Two access nets provide direct access to the bamboo climbing tower, leading climbers through a narrow opening onto a first and close-meshed planar net level. From here, you begin to ascend the tower via a huge spatial net. On your way up, you will repeatedly come across rubber membrane mats, which are incorporated into the spatial net and offer an ideal opportunity to rest and relax. Those who make it all the way to the top will once again reach a level made of planar netting and can enjoy a splendid panoramic view. A tunnel slide made of stainless steel then provides a rapid descent.

The almost 35-metre-long net tunnel provides another exciting way to access the tower. Between a total of 20 partly sloping posts, the tunnel of close-meshed nets runs in a wide curve rising from the ground to a height of 4.70 metres and is directly connected to the tower here. Halfway through the tunnel is a tree house made of bamboo panels, which can also be reached via a rope ladder. 

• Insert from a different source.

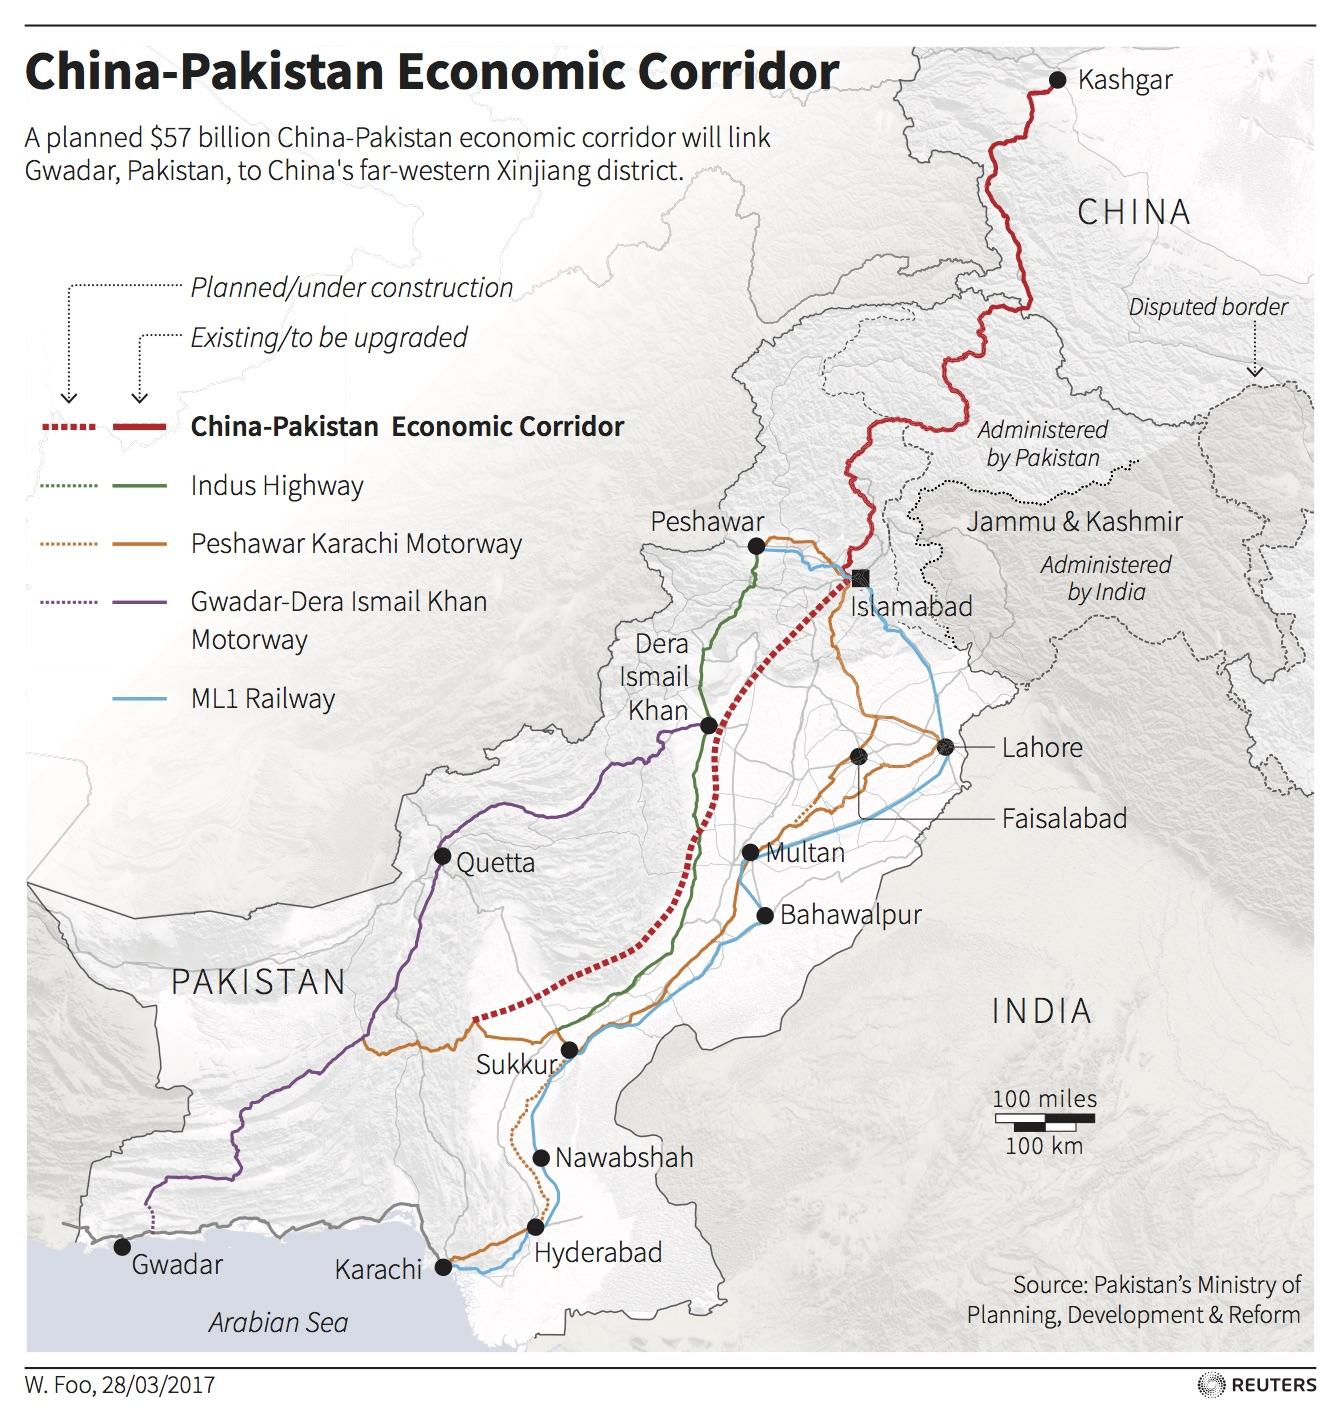 China-Pakistan Economic Corridor.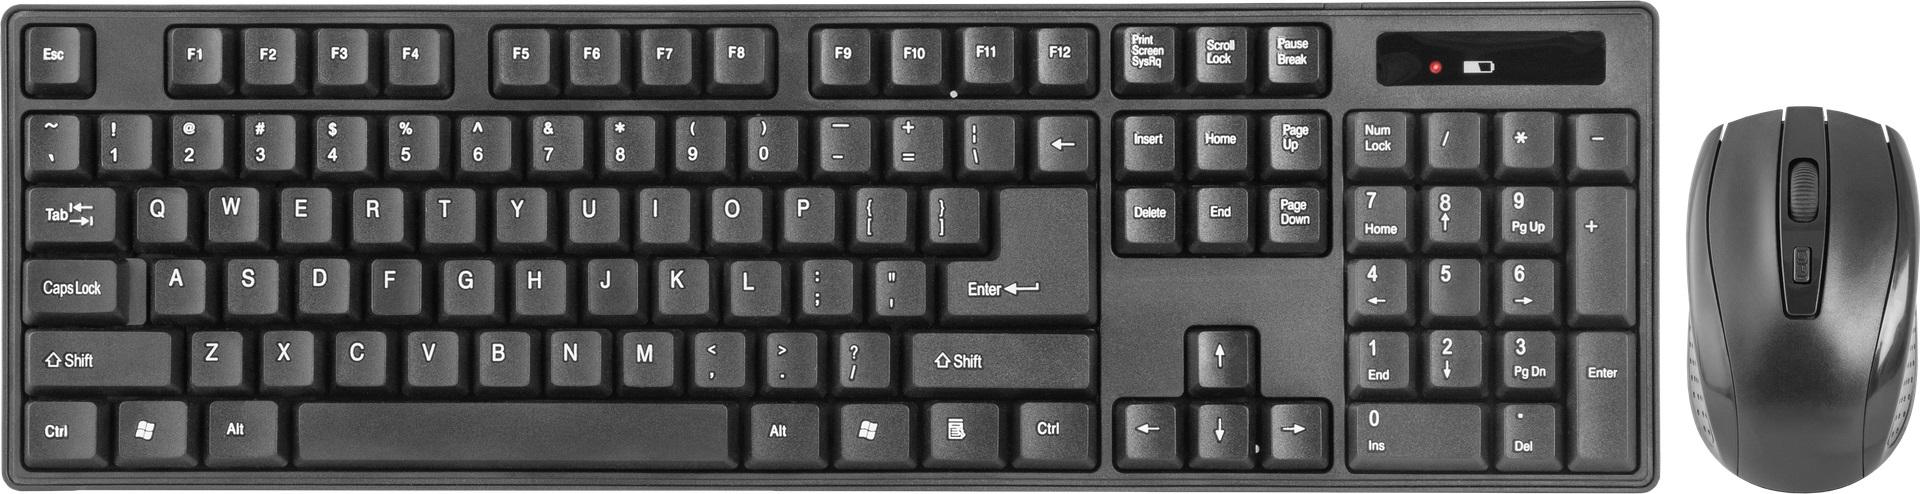 DEFENDER C-915 wireless keyboard RU black full-sized

Those who prefer horizontal climbing will get their money's worth on the exciting low ropes course with a total of nine different climbing elements. It is more than 30 metres long and offers multiple levels of difficulty to accommodate all skill levels. This makes the playground attractive for different age groups and provides opportunities for the younger ones to develop and improve their skills.

A combination of different swings rounds off the playground at Bim'bimba Park. In addition to a nest swing, which allows several children to swing, play and have fun together at the same time, the playground also offers, among other things, two toddler swing seats.

Matt Franzmann, Principal and Managing Director at Form Landscape Architects, is pleased with the work and the result. “Community commitment and cooperation with an interdisciplinary team were crucial to achieving what we believe is an exceptional park and playground experience,” Franzmann writes on his studio’s website. 

As the icing on the cake, Form Landscape Architects won an award for this exceptional project in the Parks and Open Space category at the annual AILA Queensland Landscape Architecture Awards, presented by the Australian Institute of Landscape Architects. The judges were impressed, stating in their citation, among other things: “This project reflects a very well executed and impeccably detailed hub of play and recreation for the Gold Coast Community that is rich, exciting and detailed in its story. It is underpinned by simple design principles that respond carefully to its setting and deliver a range of spaces for active play and recreation.”